The Angels catch up with their Mexican counterparts at a garage and, surprisingly, find parts of Loser’s bike, and beat the crap out of their rivals before making their getaway. In the melee, Loser steals a police cycle and gets wounded for his efforts.
Back at biker heaven, we get to see unbridled debauchery, fights, and eventually a police raid. Cut to Loser going to the hospital where he is treated for a gunshot wound incurred during his attempt to avoid arrest. The gang makes a plan to bust Loser out of the hospital to prevent him from going to prison. Blues’s woman Mike “Monkey” (Nancy Sinatra) works her way into the room, enabling her man to spring Loser out of his hospital bed.
Of course, Loser’s ultimate fate is not surprising and delivers a chilling message to the biker community.
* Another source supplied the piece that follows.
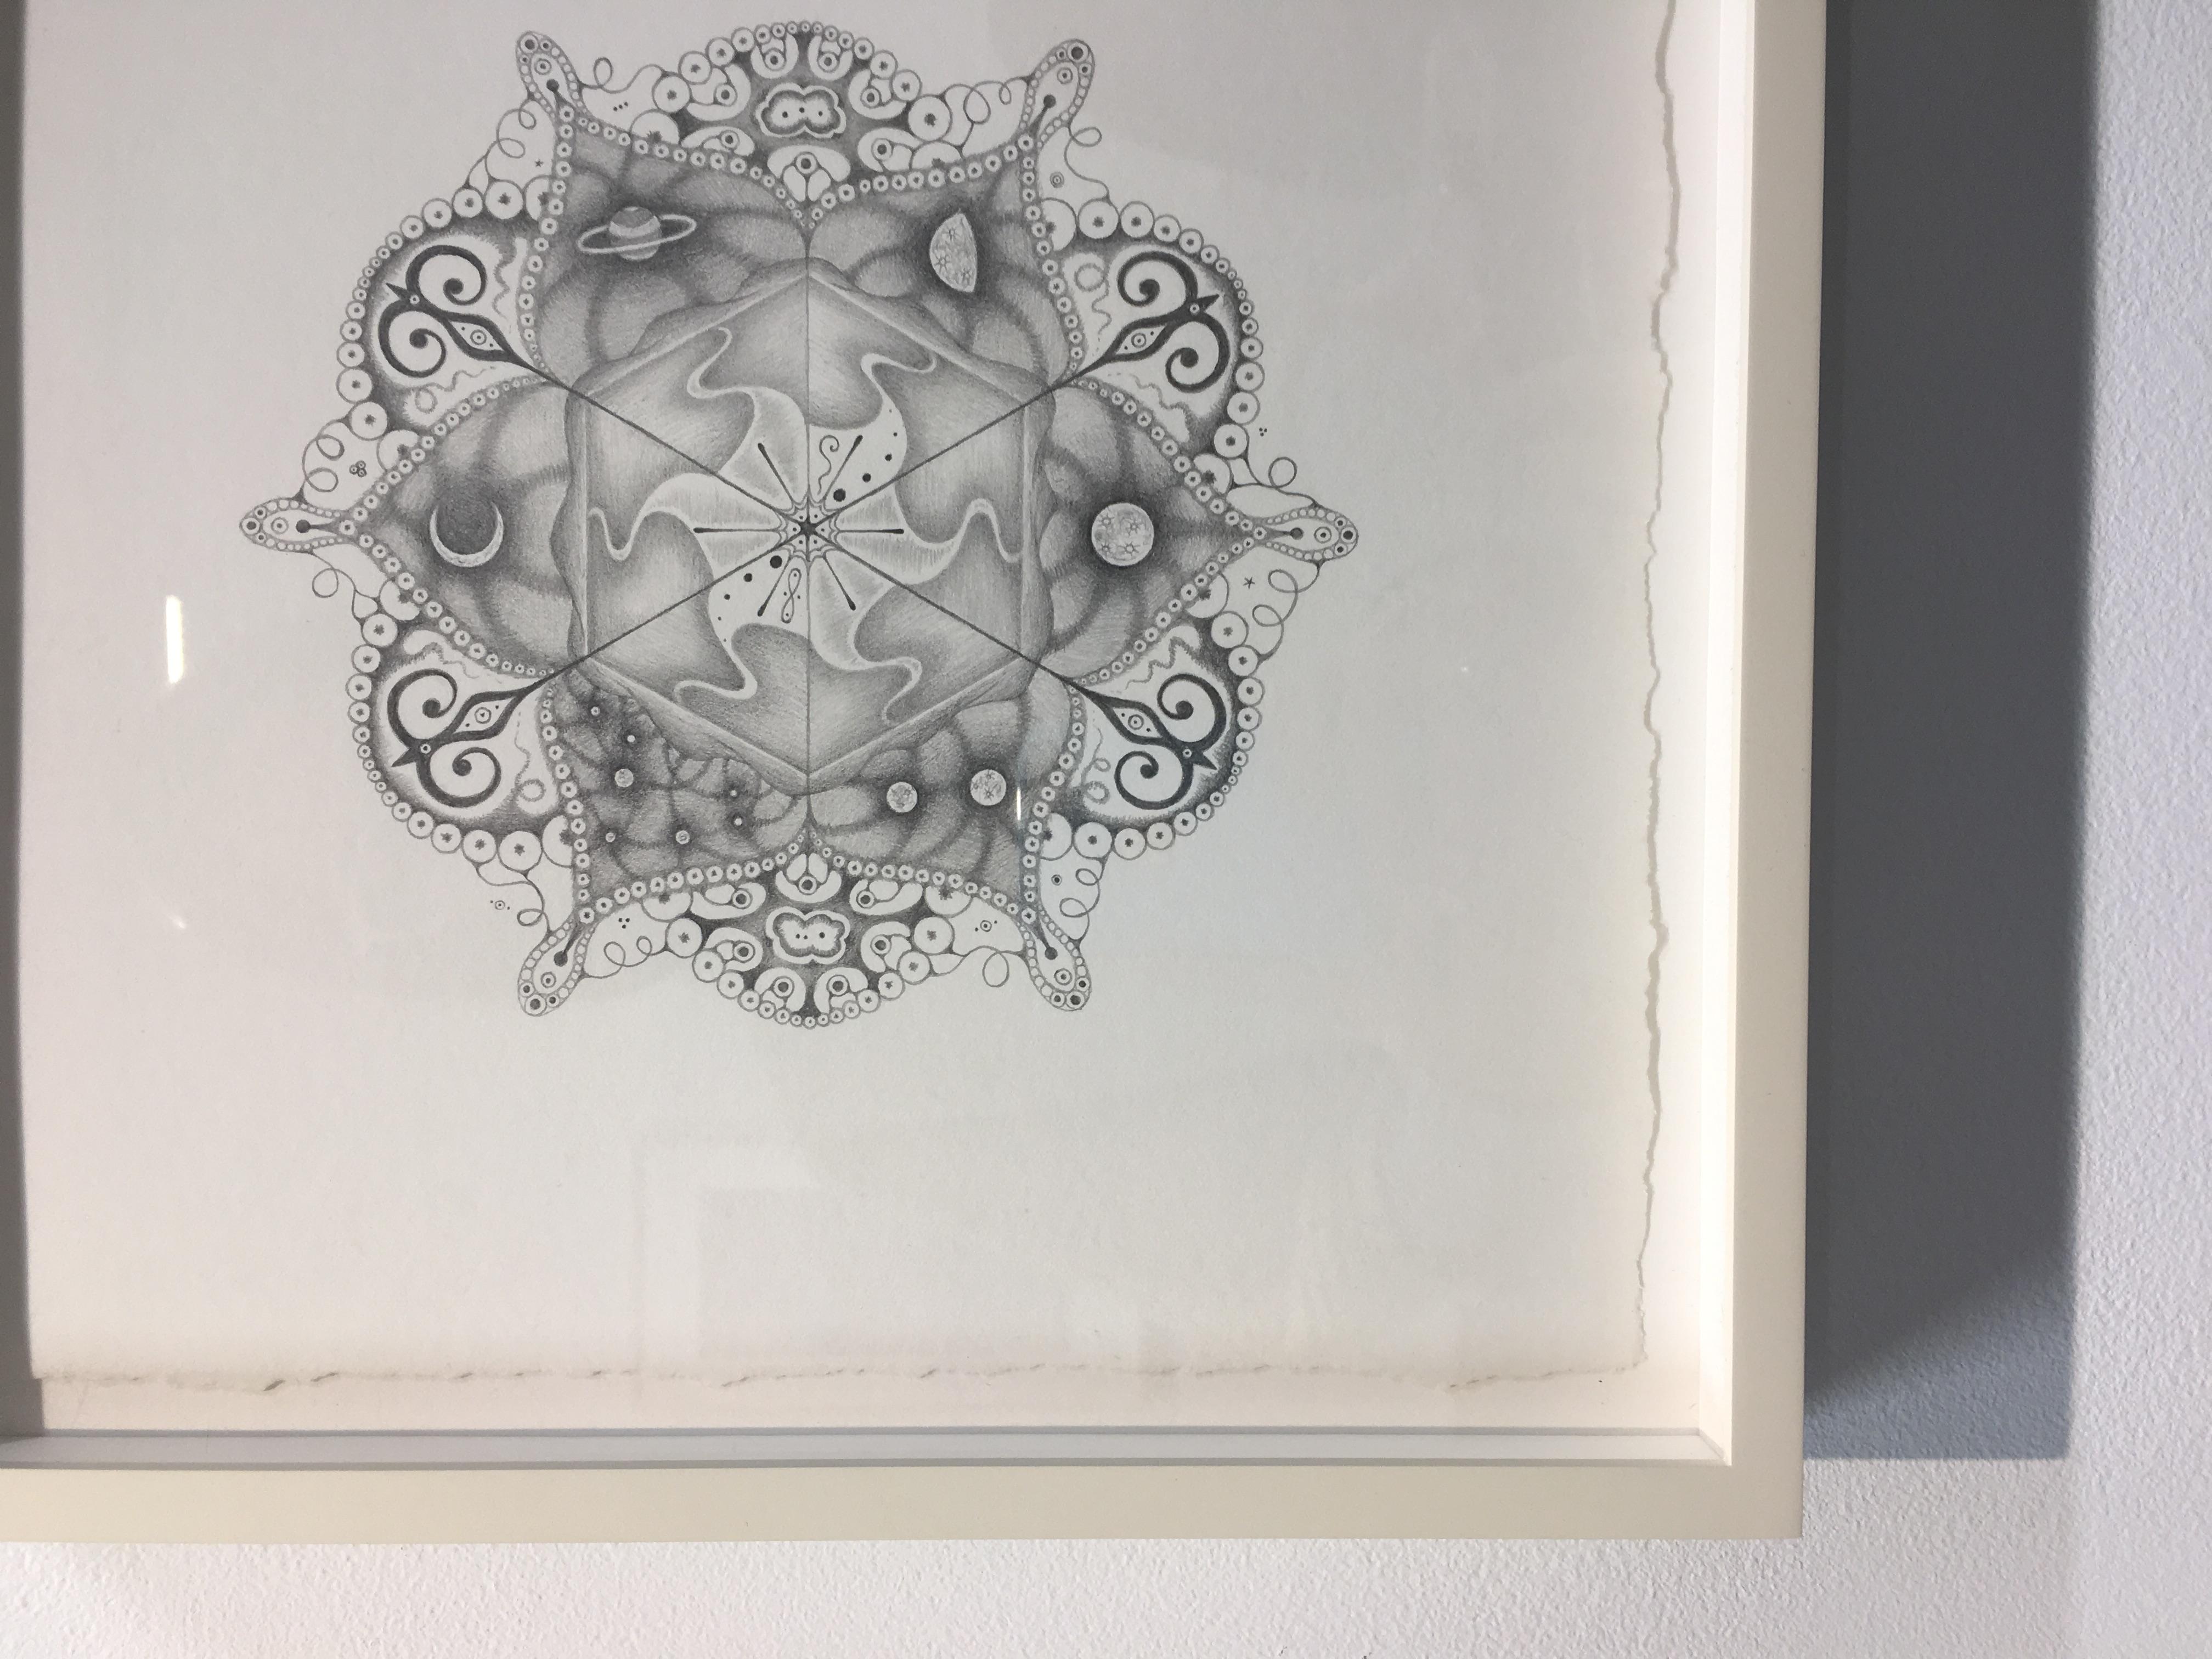 Snowflakes 108 Matrix, Planet and Crescent Moon Mandala Pencil Drawing - Contemporary Art by Michiyo Ihara

The faux and totally unconnected romance between Blues and Monkey Mike continues to percolate as the plot’s wheels continue to spin out of control toward a tawdry and gratuitously violent finale.
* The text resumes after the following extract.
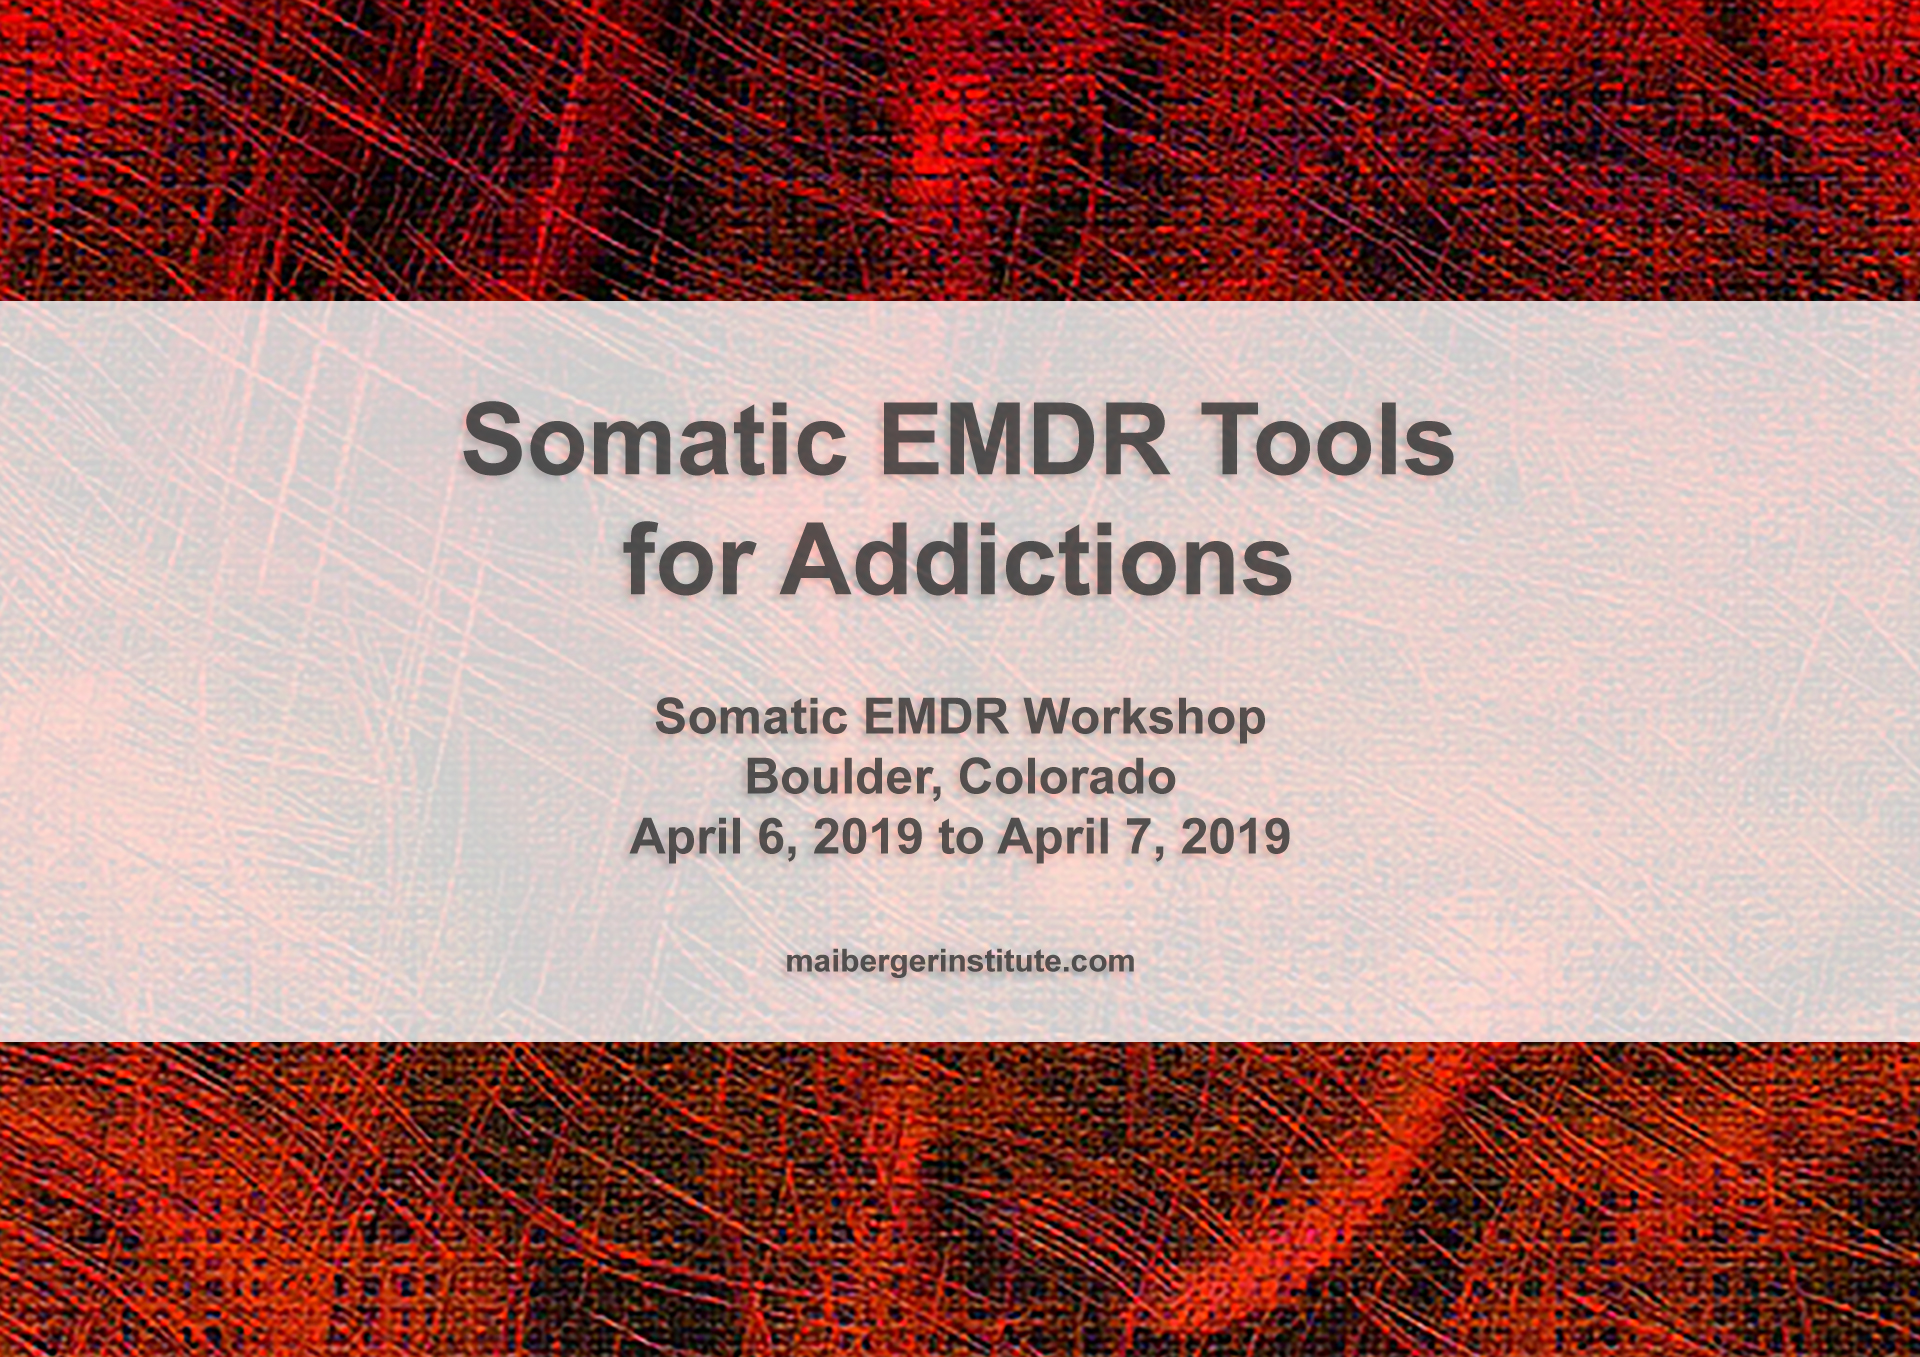 Somatic EMDR Tools for Addictions - Somatic EMDR Workshop in Boulder, Colorado - April 6-7, 2019

Roger Corman was a leading director in Hollywood’s B-movie industry during the ‘50s and ‘60s and this low-budget, quickly shot film is a fair representative of his work. Biker film fanatics will flock to this one to see Peter Fonda at work but as this genre goes, it is a bottom-of-the-barrel effort.
Video Quality
[Rating:3/5]
The print quality is extremely variable with some scenes showing decent detail, contrast and colors with others looking quite washed out and grainy.
Audio Quality
[Rating:3/5]
Dialogue, such as it is, after all this is an action rather than dialogue driven film, is adequately reproduced. The sound track features music of the era that sounds rather compressed and boxy.
Supplemental Materials
[Rating:0/5]
There are no extras.
The Definitive Word
Overall:
[Rating:2/5]
The motorcycle gang movie was a frozen-in-aspic cinematic genre that passed its sell by date many years ago. This stereotypical representation of a moment in time will likely have limited appeal to today’s audiences. The offensive use of Nazi symbols and ethnic slurs rules this one out for me and may do so for other viewers as well. At least Easy Rider dealt with war and other social issues of its era and had superb cinematography. As for The Wild Angels, the final score is redeeming moments few, unredeeming moments many.